Mobile UI/UX • Tracking • Service Design

Project Overview
The journal entry feature of the Vincere Health app was used to track the habits of people who were quitting smoking. The original tracker was under utilized and had a 90% drop off rate on top of inconsistent use.

Product
The Vincere Health app is a tool used in tandem with personal coaches and monetary rewards to help socioeconomically challenged users quit smoking.

My Contributions
As the Vincere Health’s product designer, I worked with the quit coaches and dev team to bring this product to life. I made everything from user flows and wireframes, to illustrations and high fidelity prototypes.

Goals:

+ 
Improve user drop-off rate

+ Make recording something typically shameful positive

Deliverables:

+ 
Updated user flow to include new features

+ 
Updated tracking design to match the rest of the app

Constraints:

+ 
Simple and minimal text – users typically had a 4th grade reading level

User Research

The Vincere quit coaches were my greatest asset on this project. Having your users’ experts on your team is an incredible addition. I was able to interview the coaches about what they wanted their participants to keep track of for their weekly meetings, and then had the coaches get feedback from their participants on how they felt about the current tracking feature. Because the coaches were meeting with their participants and attending design meetings every week, it was easy to iterate on feedback quickly.

Methods
Interviewing coaches, getting feedback from users via coaches

Findings
Users forgot about the tracking feature.

They didn’t find it rewarding and weren’t motivated to keep up with it.

They wanted to be able to see their progress.

Coaches wanted users to track their smoking habits for quantitative research. They wanted users to track the circumstances around their smoking habits to help them understand why they were smoking and make a plan to counteract it.

Development

There were two major routes I took in exploring the redesign of this feature. One guided the user through the entire tracking process in an immersive step by step style. The other placed all the tracking options on one screen for faster and easier input.

Methods
User flows, user testing, wire framing, low and high fidelity prototypes

Findings
Users preferred the single-screen tracking option. They typically spent no more than 5 minutes on the app per day (including their breath tests, which took about 2 minutes each) and were put off by going through a long multi-screen process.

Even when a menu was added so users could track items individually, they preferred not to be brought to secondary screens and felt trapped when each tracker prompted them to add more in another section.

Some steps were also simplified and merged—vape hits and cigarettes were merged into “Smoking”, cravings and triggers were put under this section as well.

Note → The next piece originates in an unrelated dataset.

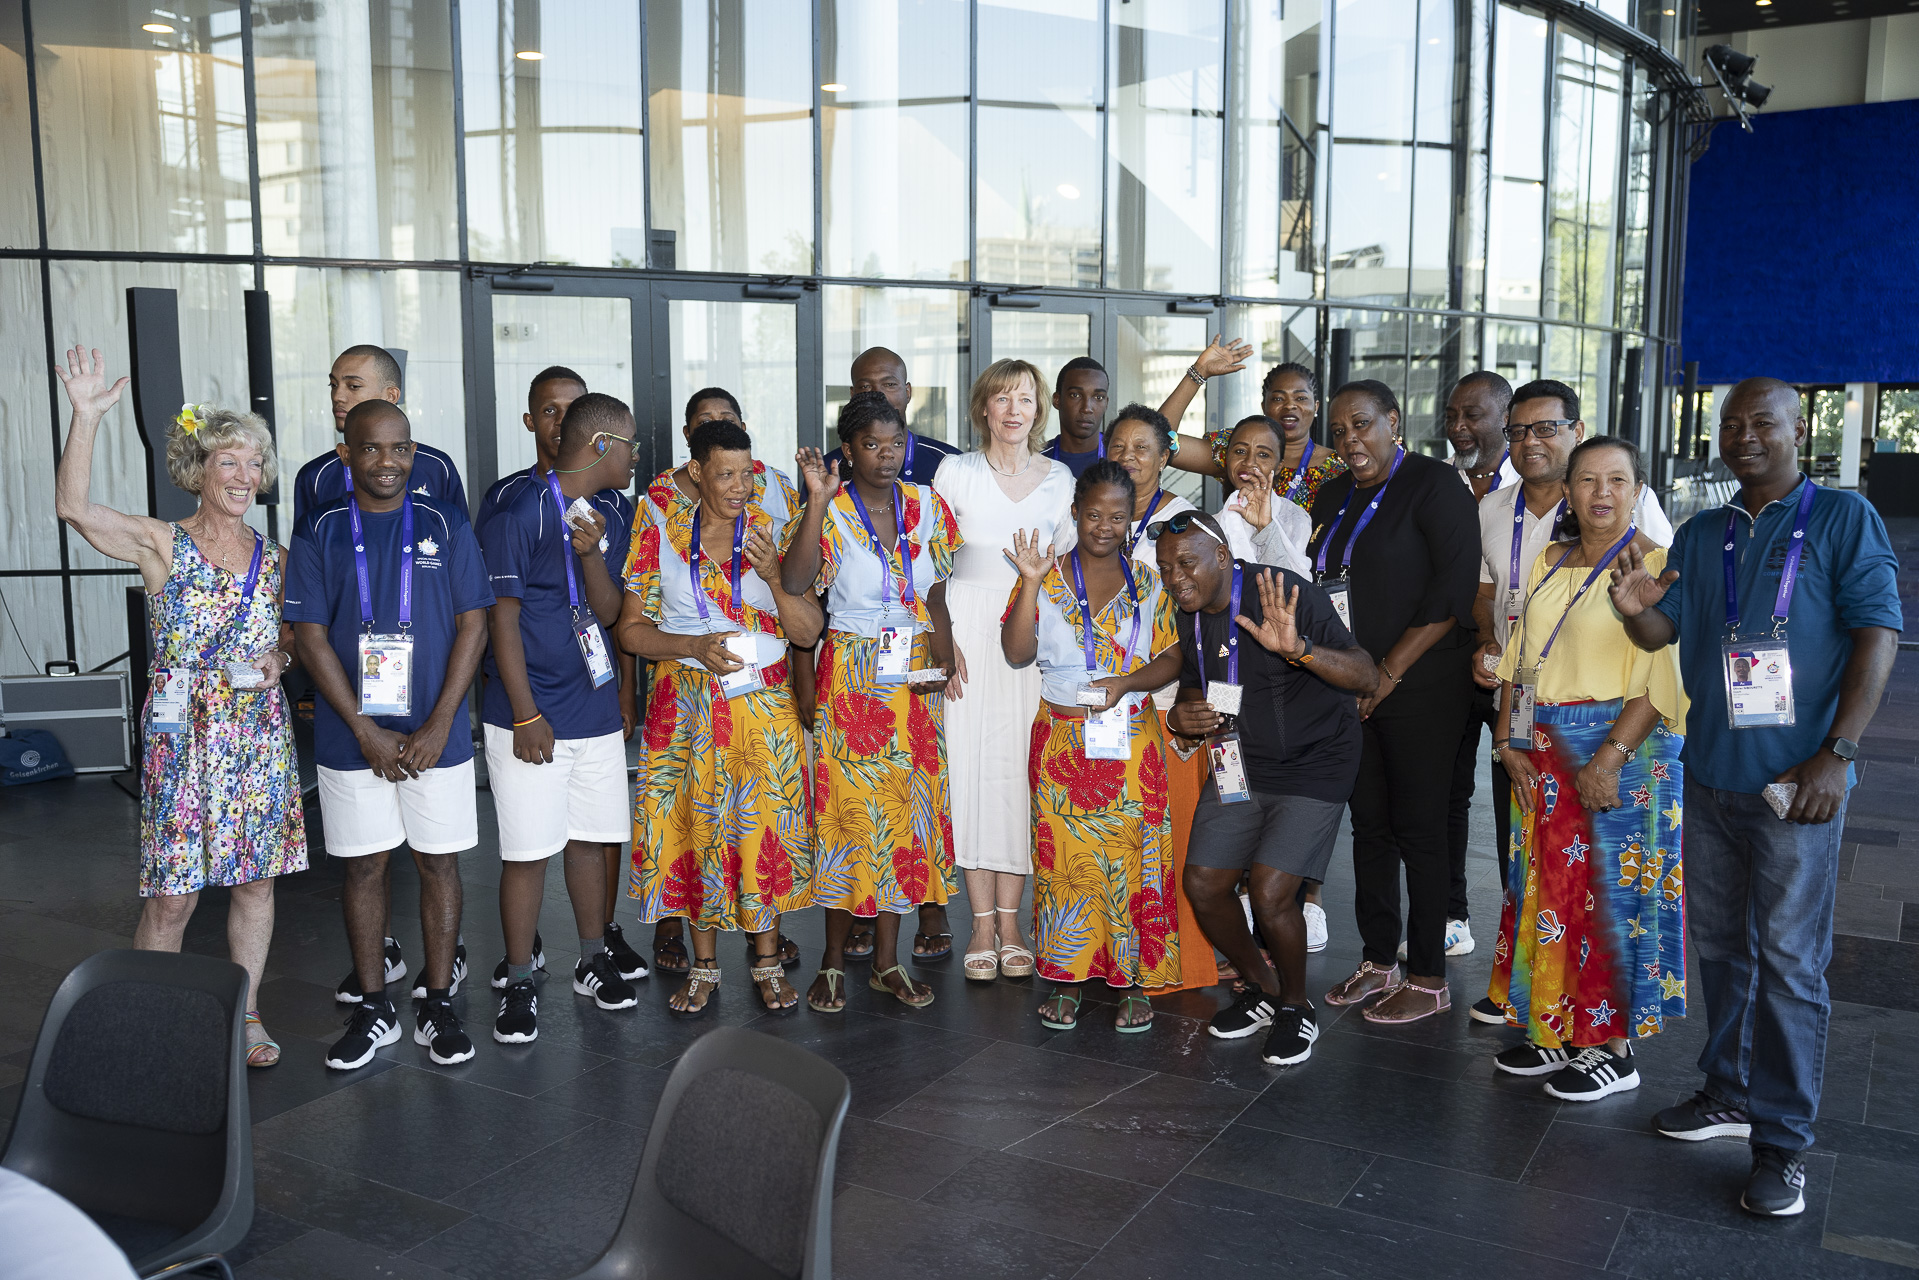 Sportlerinnen und Sportler von den Seychellen sind zu Gast in Gelsenkirchen. Die Athleten nehmen am größte inklusiven Sportfest der Welt teil.

Option 1: Guided Step by Step Tracking

Option 2: One Screen Tracking

Final UI

After iterating between the step-by-step and one-screen options, I did my best to create something that incorporated the best of both; the simplicity of the single screen, and the light-heartedness of the step-by-step’s illustrations.

We were not able to add the data analytics piece because of time constraints on development. Still, the updated design successfully captured significantly more users than before within the first week of launching.

Major Updates
The style of the tracking feature was updated to match the aesthetics of the rest of the app, making it less clinical and more fun to use.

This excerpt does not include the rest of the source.